Palestine: how can there be peace?

Despite Israel’s declaration of ceasefire, the number of dead in Gaza continues to rise. Bombings and incursions into the Strip are still claiming civilian lives. Israel’s blockade still restricts access to basic supplies like water and food. As Palestinian activist and English Professor Haidar Eid puts it “we still have 24-hour surveillance by Israeli drones flying overhead, we still hear the F-16’s and Apache helicopters”.
Likud leader and advocate of ethnic cleansing Benjamin Netanyahu swept to power in the Israeli elections on January 13. Netanyahu won favour by criticising Ehud Barak’s Labor Party for failing to “finish the task” in Gaza.
Instead of seeking a genuine ceasefire, the West is backing Israel’s efforts to secure Hamas’s capitulation. UN General Secretary Ban Ki-moon has supported the latest ceasefire and called it “the first step leading to the full withdrawal of Israeli troops from Gaza”.
Many around the world are looking to the Obama administration to restart peace negotiations. According to the administration: “lasting peace is our objective and the United States will sustain an active commitment to reaching the goal of two states living side by side in peace, stability, and security.”
But Obama’s peace envoy, George Mitchell, emphasises the key to a “durable ceasefire” as “preventing illegal arms trafficking” to the resistance in Gaza. Obama has sought to justify Israel’s attacks, saying “If somebody was sending rockets into my house, where my two daughters sleep at night, I’m going to do everything in my power to stop that… I would expect the Israelis to do the same thing.” Mitchell and the US have ruled out negotiations with the democratically-elected Hamas.

Peace process a fraud
The closest the peace process has come to a settlement was during the negotiations following the signing of the Oslo Accords under the Clinton administration.
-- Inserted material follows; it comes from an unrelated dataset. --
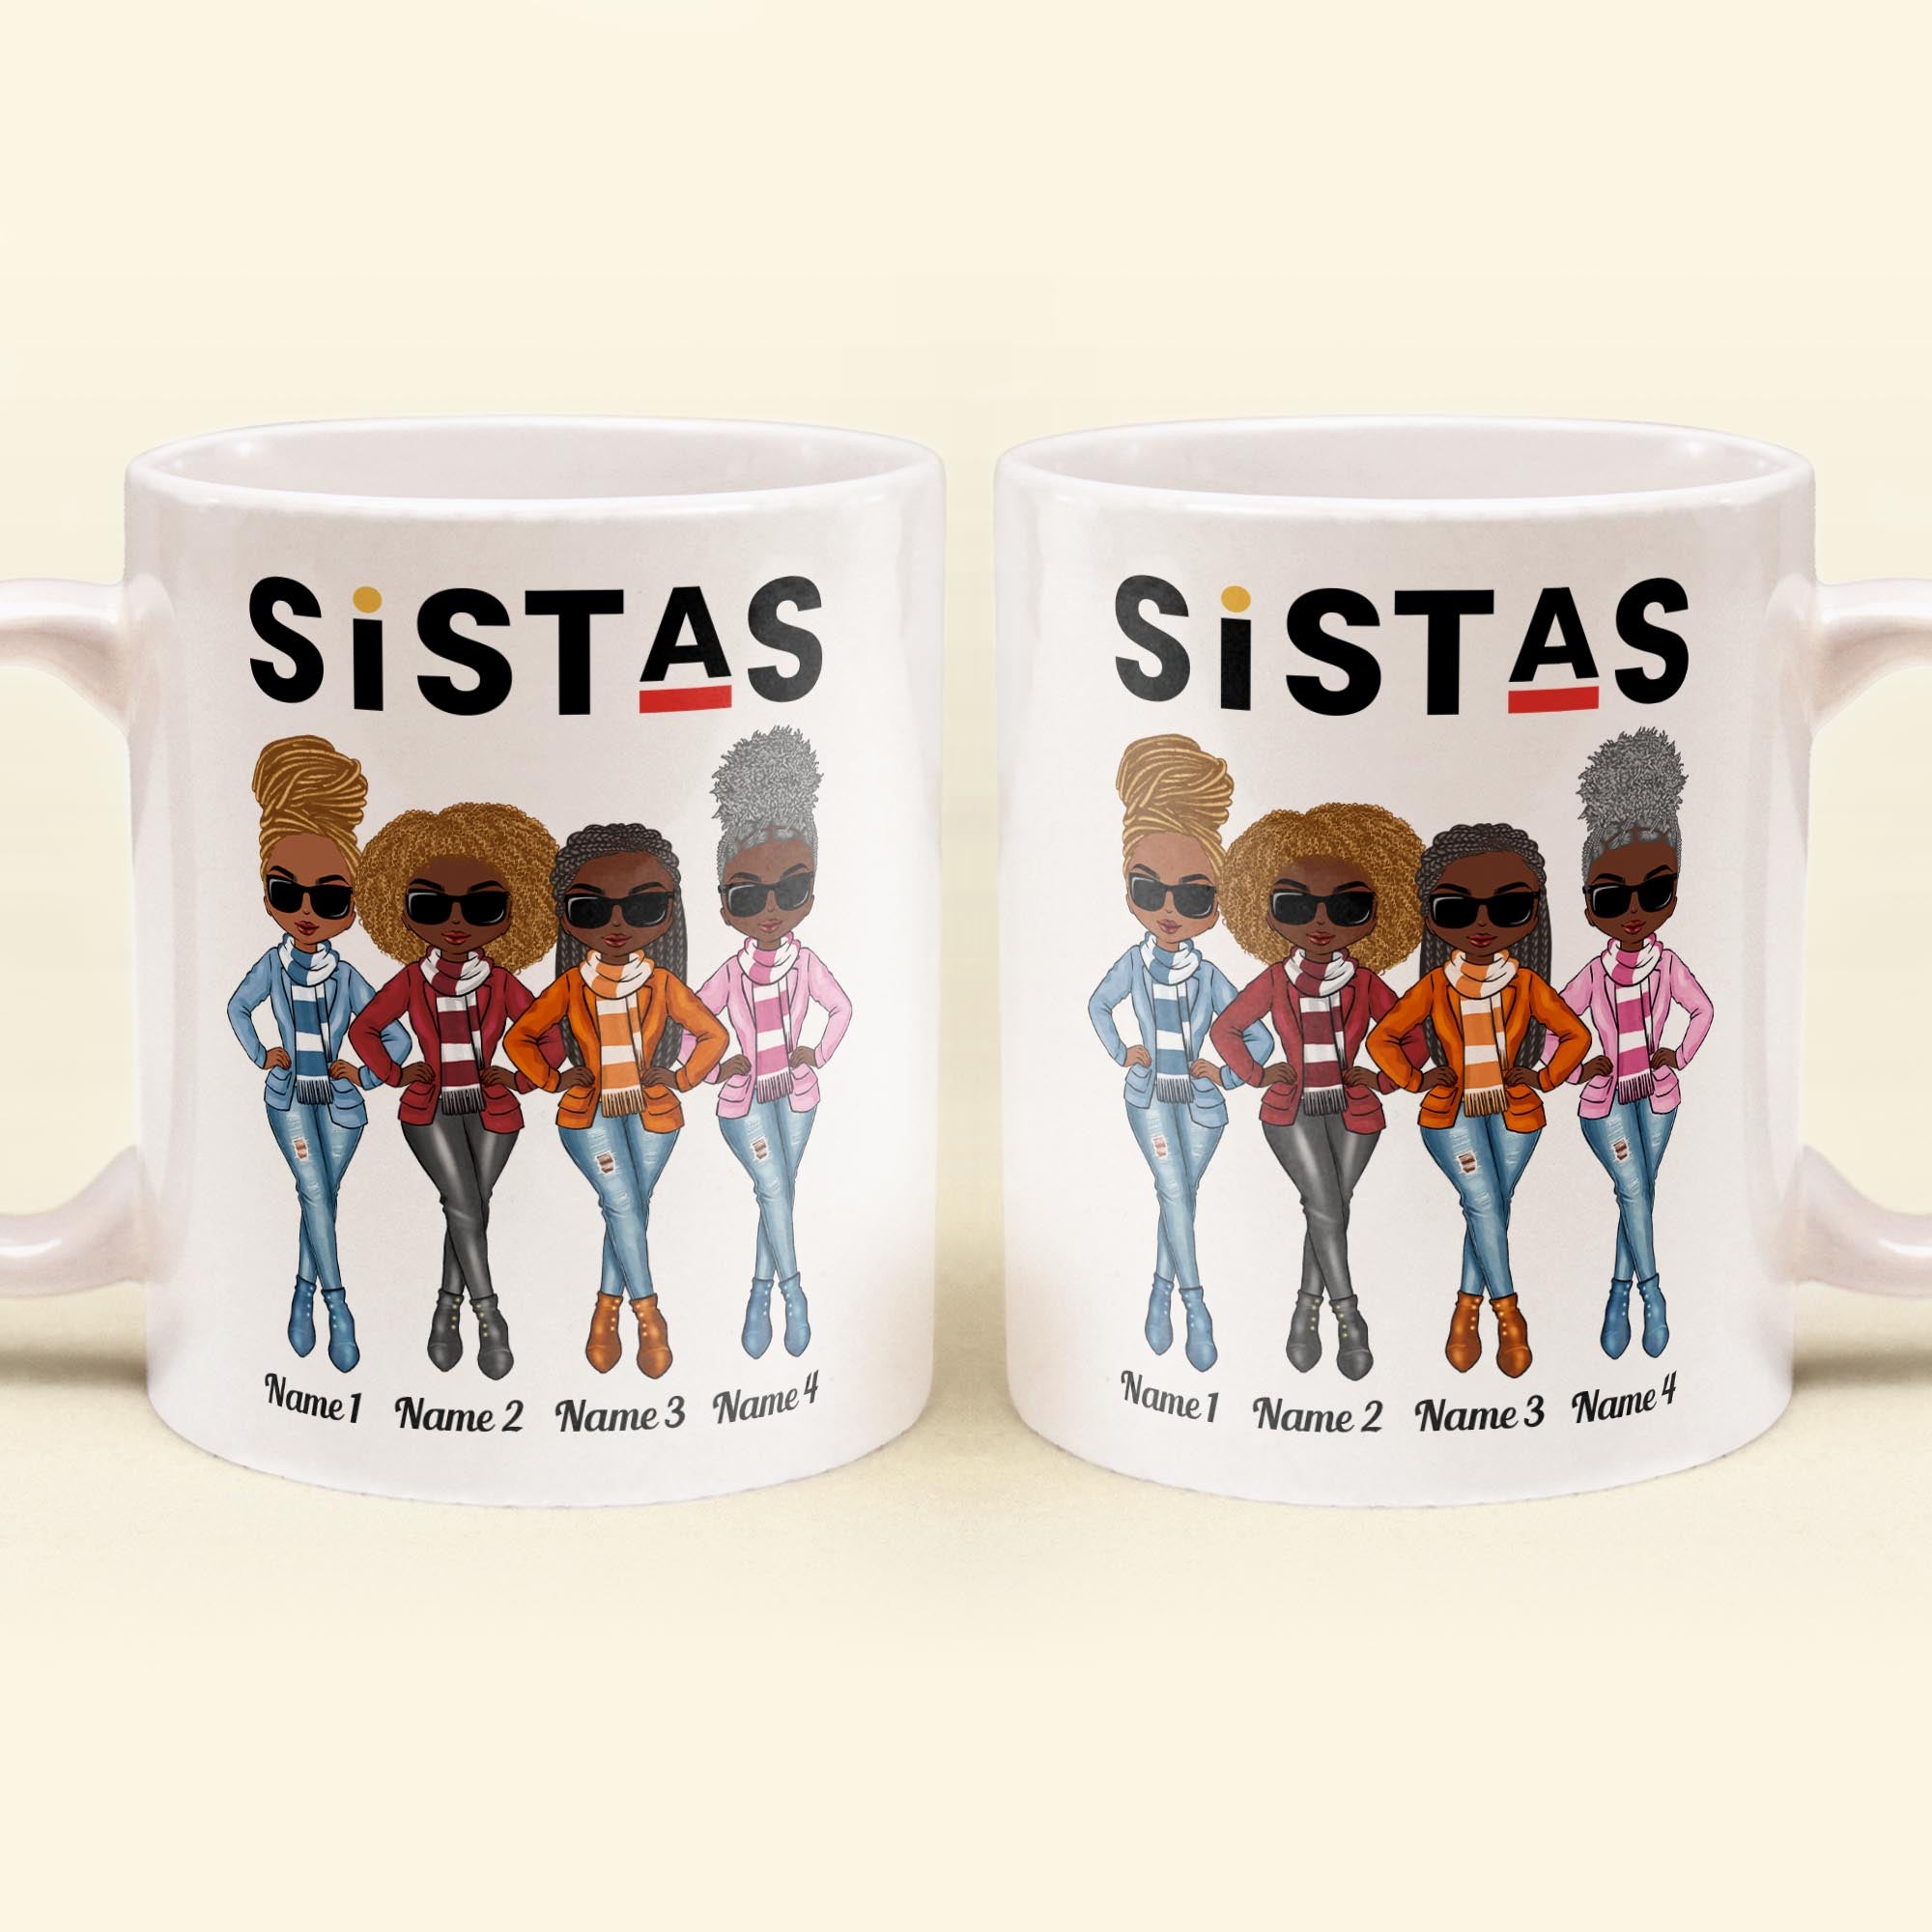 Sistas - Personalized Mug - Birthday & Christmas Gift For Sista, Sister, Soul Sister, Best Friend, BFF, Bestie, Friend

Over the seven years of negotiations the Israeli government used “urban planning regulations” to illegally annex territory and demolish Palestinian homes. The rate of Israeli settlement in the West Bank and Gaza Strip almost doubled. Arbitrary border closures cut off families and means of survival for thousands. From Israel’s point of view the negotiations were both a response to their failure to crush the earlier Intifada of 1987-1992, and an attempt, in the words of Edward Said, to “repackage the occupation”.
Supporters of Israel often refer to its “offer” of 90 per cent of the occupied territories as a Palestinian state at the Camp David negotiations in 2000. Though the figure is an exaggeration (others estimate it was between 17-50 per cent of the territories) what Israel actually offered was a series of non-contiguous areas, surrounded by Israeli settlements and military bases. They were split into disconnected areas without independent borders.
As one Israeli leftist put it “it is like saying that prisoners are in control of the prison because they occupy 90 per cent and the governor and the wardens only 10 per cent”.
Israel inflicted a catastrophic decline on the Palestinian economy, intensified by the 20-month siege and punctuated by military offensives like the one we have just seen.
The second Intifida of October 2000 was the Palestinian response to a “peace process” that left them more disenfranchised than before it had begun.
Israel has continually refused to offer a real, just peace by recognising the right of return for Palestinian refugees forced to flee in 1948 and after, and constitutional rights for non-Jews still living inside Israel. This can only be achieved in the context of a single democratic, secular state that would include and benefit equally all residents of historic Palestine.
While the ideology of Zionism—that of an apartheid “Jews-only” state—remains, and while Israel continues to be the US’s chief guarantor of control of the Middle East, all attempts at a peace will start from the assumption of Palestinian surrender.
Western leaders like Obama and Rudd have signaled their intentions to carry on along the same lines as Bush, Howard and those before them. They hope to stabilise US-domination in Iraq, push more troops in Afghanistan and make “diplomatic” threats to Iran and Pakistan. Preserving this status quo means preserving Israel as the US watchdog and all the repressive conditions that go along with that.
The hope for change lies not in Western-backed “peace processes”, but in the movements of resistance across the Middle East and the enormous outpouring of solidarity with the Palestinian struggle across the globe.